Airbnb has said that spending linked to its platform represented 10.5% of all international tourism-related spending in Ireland in 2022.
Research commissioned by the short-term letting site values Airbnb's total contribution to Ireland’s gross domestic product at over €500m in 2022, with local businesses, shops and restaurants benefitting from visitors availing of Airbnb accommodation.
The Irish Economic Impact Report was compiled by Oxford Economics and found that Airbnb supported almost 5,000 jobs across the country and accounted for 6% of all nights in paid accommodation in Ireland in 2022.
"That €500m of contribution would have been money that our guests would have spent on hosts in Ireland... but also that money they would have spent in local cafés, local pubs, local restaurants," said Derek Nolan, Head of Public Policy at Airbnb Ireland.
"Interestingly, what the report shows is the vast majority of that spending is outside Dublin. 20% of it, approximately, is in Dublin, but the rest is in all of the small corners and nooks and crannys of Ireland, spreading that tourism benefit to everyone in the country."
Had visitors instead chosen to stay in a hotel or regular B&B that spending would likely have still been made in the economy.
However Mr Nolan argues that the strength of Airbnb is its ability to make more parts of the economy accessible to tourists.
"I think what Airbnb has done is open up parts of the country that were never open to tourism before," he said.
"There are parts of the country that don't have a hotel, now you have little cottages on laneways and people sharing their home in small villages that just don't have that."
Mr Nolan also argues that the tightness in the tourism market last year means that many of those who used Airbnb may not have come at all if it was not available.

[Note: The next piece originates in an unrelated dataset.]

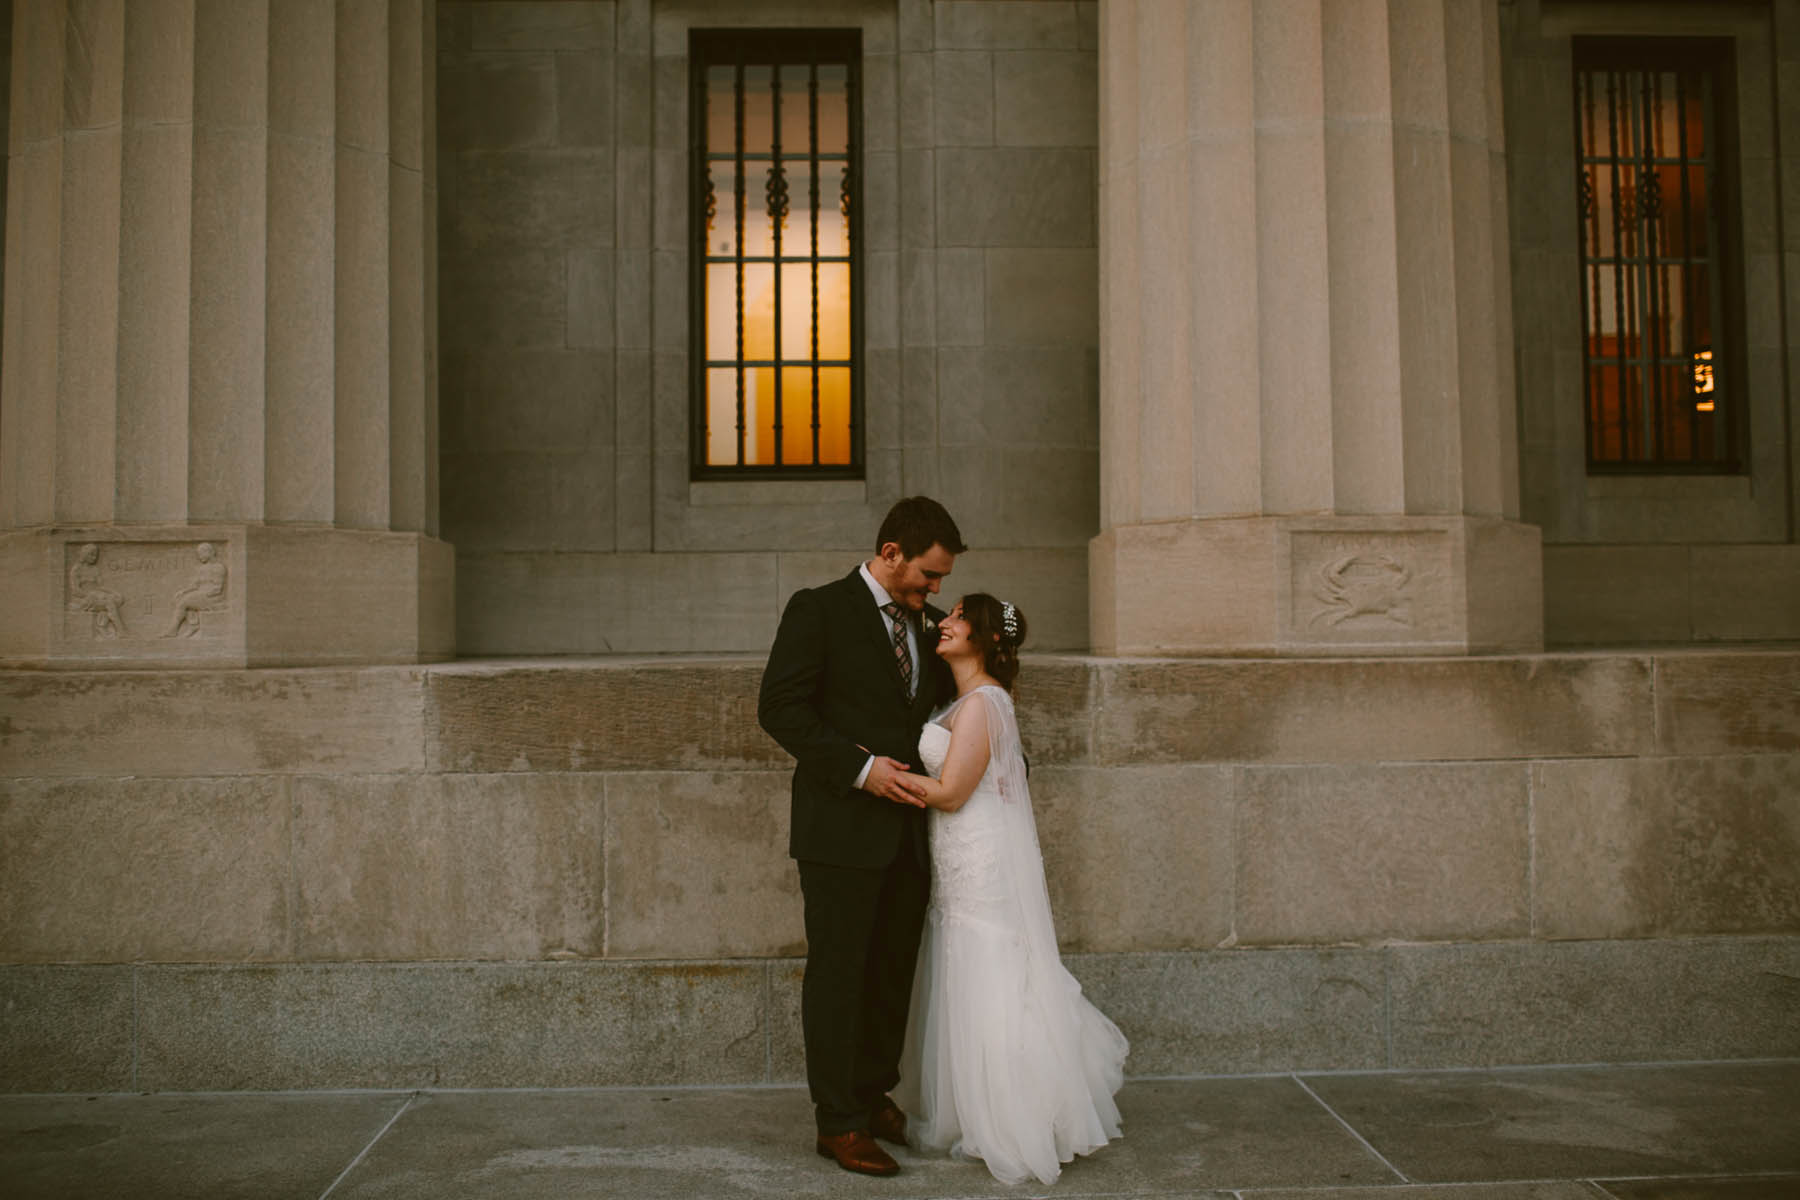 Wedding photographers Indianapolis

"I think 2022 was an interesting year in that we had real tight capacity in the tourism market," he said. "You can argue that a lot of that spend wouldn't have happened without the ability of Irish people to share their homes on platforms such as Airbnb."
Airbnb has faced criticism for its impact on the wider property market, with opponents arguing that it has pulled accommodation out of the long-term rental market.

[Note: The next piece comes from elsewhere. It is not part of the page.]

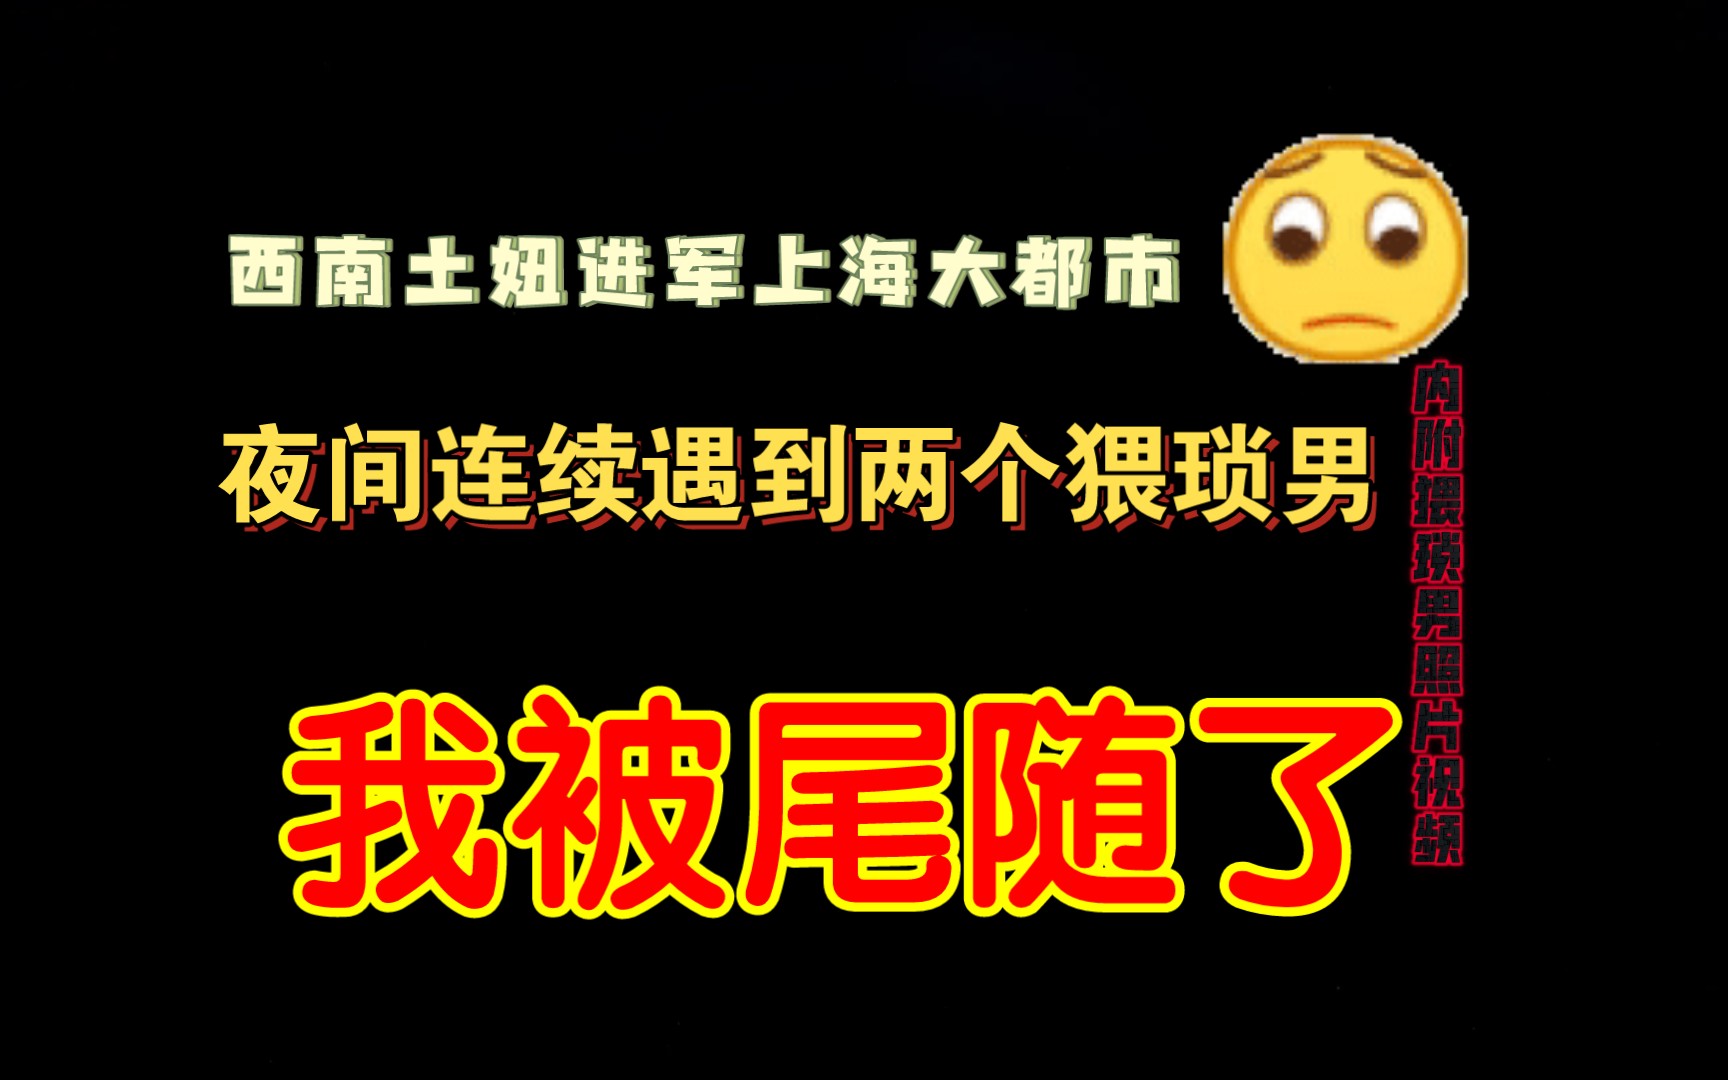 广西柳州一男子涉嫌猥亵儿童 被围观者扇脸踹肚子 - 我们视频 - 新京报网

In recent years the Government has moved to restrict the short-term letting of houses and apartments in a bid to address the housing shortage.
In 2019, a regulation was introduced which required the permission of a local authority if a property was being rented out on a short-term basis for more than 90 days a year in a rent pressure zone.
Mr Nolan said everyone accepted that housing was a priority for Ireland, but said it was a "fallacy" to suggest that Airbnb was the cause.
However he said it was vital that the rules around short-term lets were enforced, and he said a national registration system was required to make that happen.
"I think it's important we get that sooner rather than later", he said.
The Government is currently working on this kind of a system, but progress has been paused until the end of the year following an intervention by the European Commission.